By ELA DARLING / Contributing Writer
Since it was first announced, adult performers have opposed Proposition 60. It gives unprecedented power to its sole proponent, Michael Weinstein, not only over performers’ bodies, but above state regulatory agencies and public health departments.
Performers are well acquainted with Weinstein. Over the past seven years, he’s filed hundred of complaints against us based on the types of movies we make. He’s tied us up in costly litigation and regulatory nightmares, all against our will – all, supposedly, in the interest of saving us.
Now, with Proposition 60, he hopes to give 38 million residents of California the power to do the same. Prop. 60 would give each state resident the power to sue us if they should see an adult film without a visible condom. It’s an outrageous violation that would open us to stalkers, harassers, anti-porn activists and, maybe most disturbingly, profiteers. (The proposition includes a large cash bounty to anyone successfully bringing a suit, then forces us to pay our harassers’ legal fees.)
The way the proposition is written, anyone with a “financial interest” in the film is open to these suits. This includes the vast majority of performers, since, in addition to shooting for larger companies, we regularly create our own content, perform on our own webcams, and run our own websites. When we do shoot for larger studios, we profit-share through affiliate links. Aside from the probable harassment, the litigation costs would likely bankrupt us.

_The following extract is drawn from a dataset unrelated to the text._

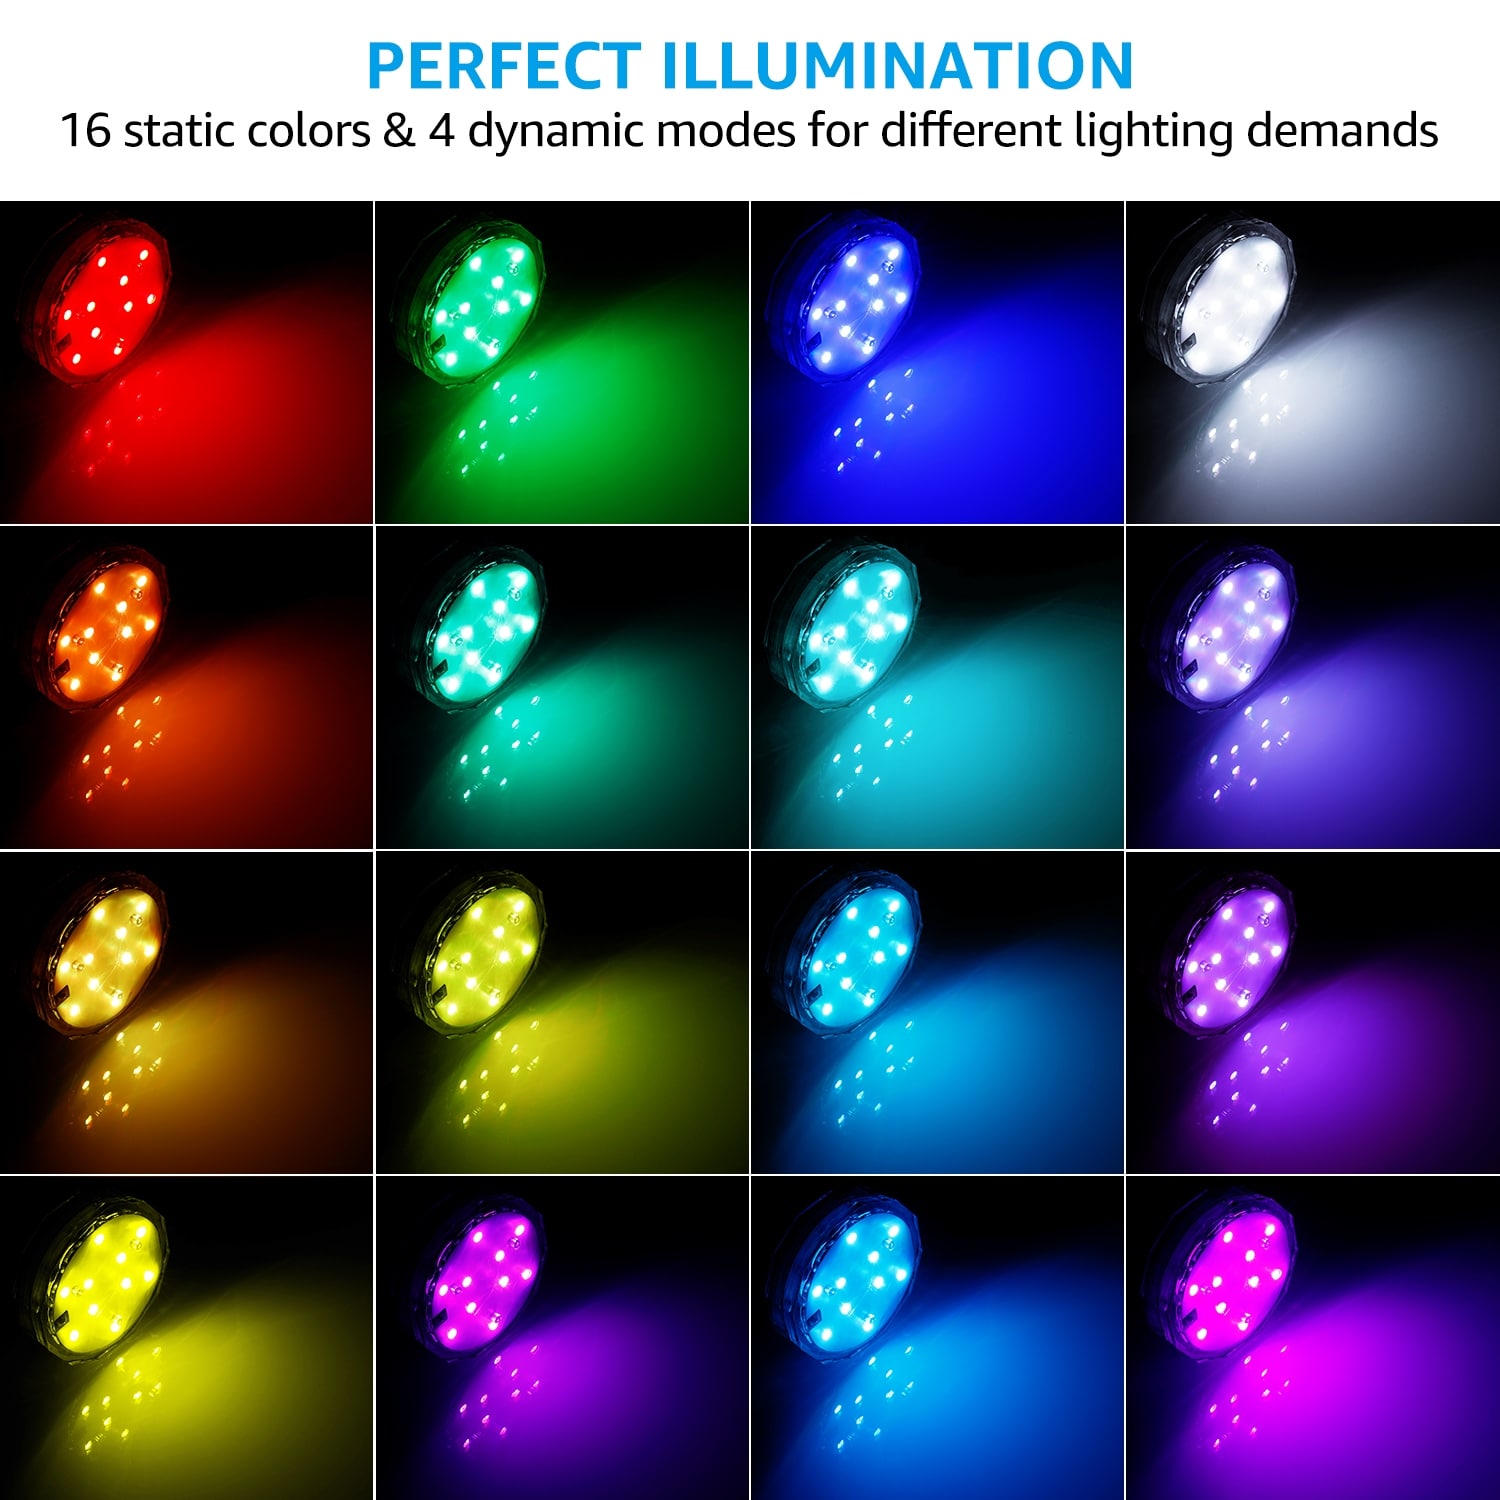 Submersible Led Lights Battery Operated Spot Lights With Remote 4 Pack White

The Prop. 60 campaign has called us lawbreakers, and says we’d be better off moving out of state. They refer to Cal/OSHA regulations written for hospital emergency rooms, not adult sets. For the first time in history, Cal/OSHA is working with performers to write regulations specific to our industry – incorporating not only condoms, but testing, and other safety guards. Prop. 60 would supersede all of that.
Weinstein claims that he’s speaking for performers, but he’s consistently refused to meet with us. We at the Adult Performer Advocacy Committee, the large performers’ rights organization, has repeatedly asked him to meet, and we have repeatedly been ignored. How you can attempt to regulate workforce without involving the workers is beyond me.
Perhaps that’s why the California Democratic and Republican and Libertarian Parties have all opposed Prop. 60, as have the editorial boards of the state’s seven largest papers (including this one), as well as countless public health organizations, civil rights advocates, legislators and political clubs.
Proposition 60 is a ridiculous initiative that would drive a legal, safe industry underground and out-of-state, where performers would have fewer protections. It would dismantle hard-fought safety protocols developed between doctors and performers – protocols that have prevented HIV from being transmitted on a regulated set for more than a decade.
Most unfortunately, it would give Michael Weinstein, a man with a penchant for scare tactics, bad data and lawsuits, unrestricted access to state resources to carry out a dangerous, personal crusade.
I, and thousands of performers like me, ask that you vote no on Prop. 60.
Ela Darling is the president of the Adult Performer Advocacy Committee.